2007-09-18 Thread William Yardley
On Tue, Sep 18, 2007 at 11:38:49AM -0500, Karen Cravens wrote:
 On Tue, 18 Sep 2007, Simon Wistow wrote:

  1) To shut people up who said that there was no Perl based MLM

 Did majordomo switch from Perl?  I mean, that's the granddaddy of all MLMs, 
 isn't it?

And I think Sympa and Majordomo v2 (total rewrite) are in Perl as well.

Personally, I like Mailman just fine, and it works well for all of the
things I've needed to use it for.

w



Re: Email::Store is dead! Long live Email::Store!

2007-09-17 Thread Karen Cravens
On Mon, 17 Sep 2007, William Yardley wrote:

WYSeems kind of overkill to write a new tool just because the one
WYbeing used isn't written in Perl.

Isn't there a project to rewrite all the Debian utilities in Python 
instead of Perl because some Python people are offended by the presence of 
Perl in the distro?

Somebody's gotta maintain the cosmic Perl/Python balance.


Re: Email::Store is dead! Long live Email::Store!

2007-09-14 Thread Simon Wistow
On Fri, Sep 14, 2007 at 05:00:51PM -0400, Christopher Nehren said:
 I've been working on cobbling together a modern mailing list manager
 written in Perl (Saddlebags), because I find it absolutely
 unacceptable that things like the dbic list are running on mailman. As
 a part of this, the subject of storing emails in databases came up.
 Obviously, we turned to Email::Store.

I'm all in favour of rewriting Email::Store - I've never got round to 
doing all the work I needed to do rewriting it. Everytime I sit down 
to do it something else gets in the way.

As for Perl MLMs - have you looked at Siesta?
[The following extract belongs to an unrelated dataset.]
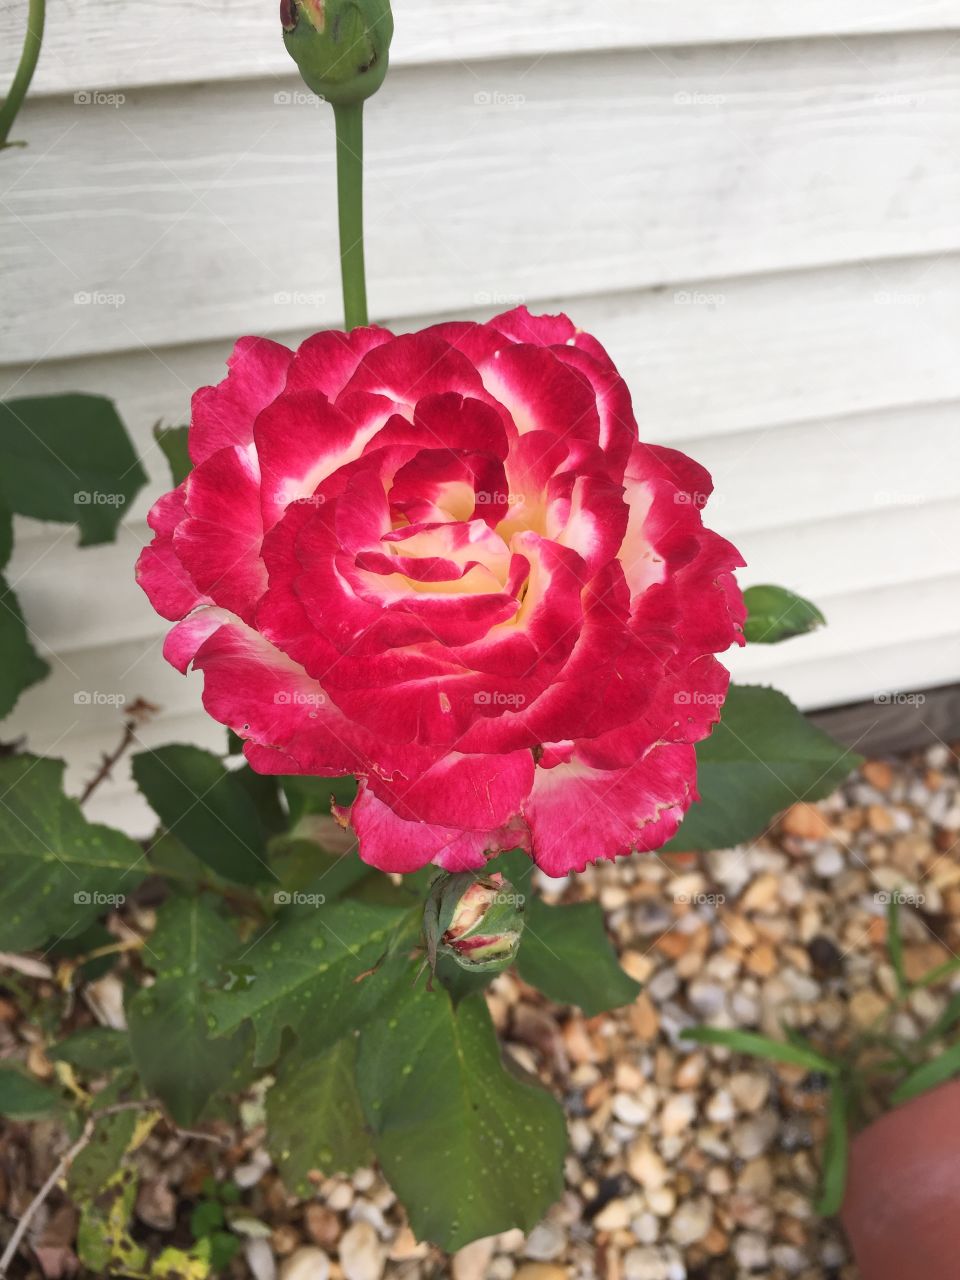 Rose

It's a bit rough and ready 
in some places but I've been running mailing lists off it for years.




Re: Email::Store is dead! Long live Email::Store!
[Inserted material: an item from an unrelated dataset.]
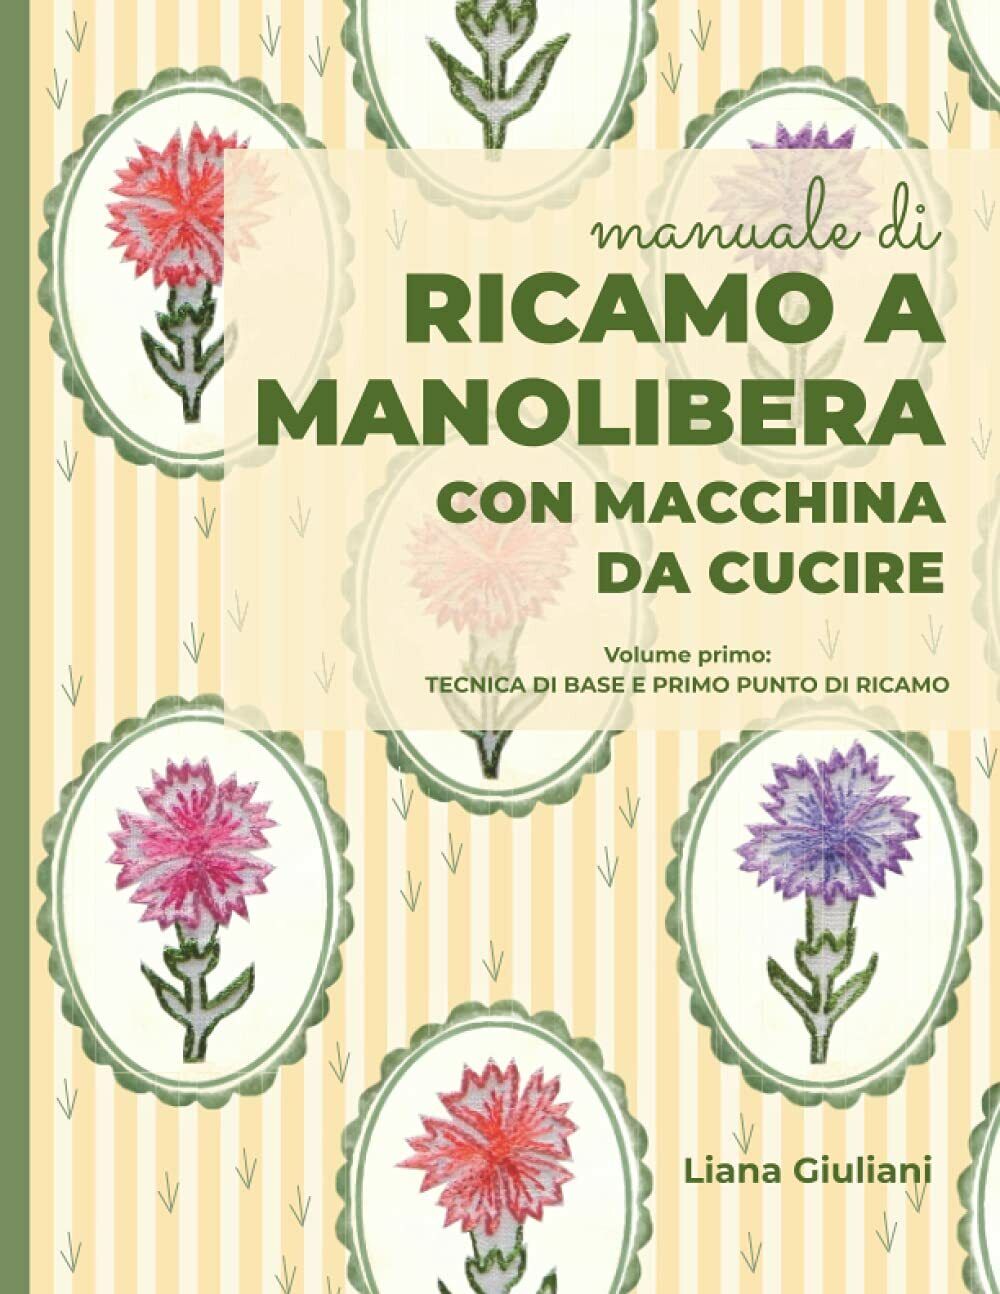 RICAMO A MANOLIBERA CON MACCHINA DA CUCIRE: Volume primo:Tecnica di base e primo

2007-09-14 Thread Christopher Nehren
On 14/09/2007, Ricardo SIGNES [EMAIL PROTECTED] wrote:
 * Christopher Nehren [EMAIL PROTECTED] [2007-09-14T17:00:51]
  We've got a (mostly empty for the moment) repo at
  http://www.coitusmentis.info/repos/email-archive/ , hosted on my home cable

 Would you like to host this on emailproject.perl.org, on a nice Sun server at 
 a
 datacenter?

Oh, most certainly! That'd definitely make things easier for me, and
would probably make my ISP a far deal happier too. There's only a
couple of files there now -- been spending my time writing tests for
(and finding subtle bugs in!) Saddlebags.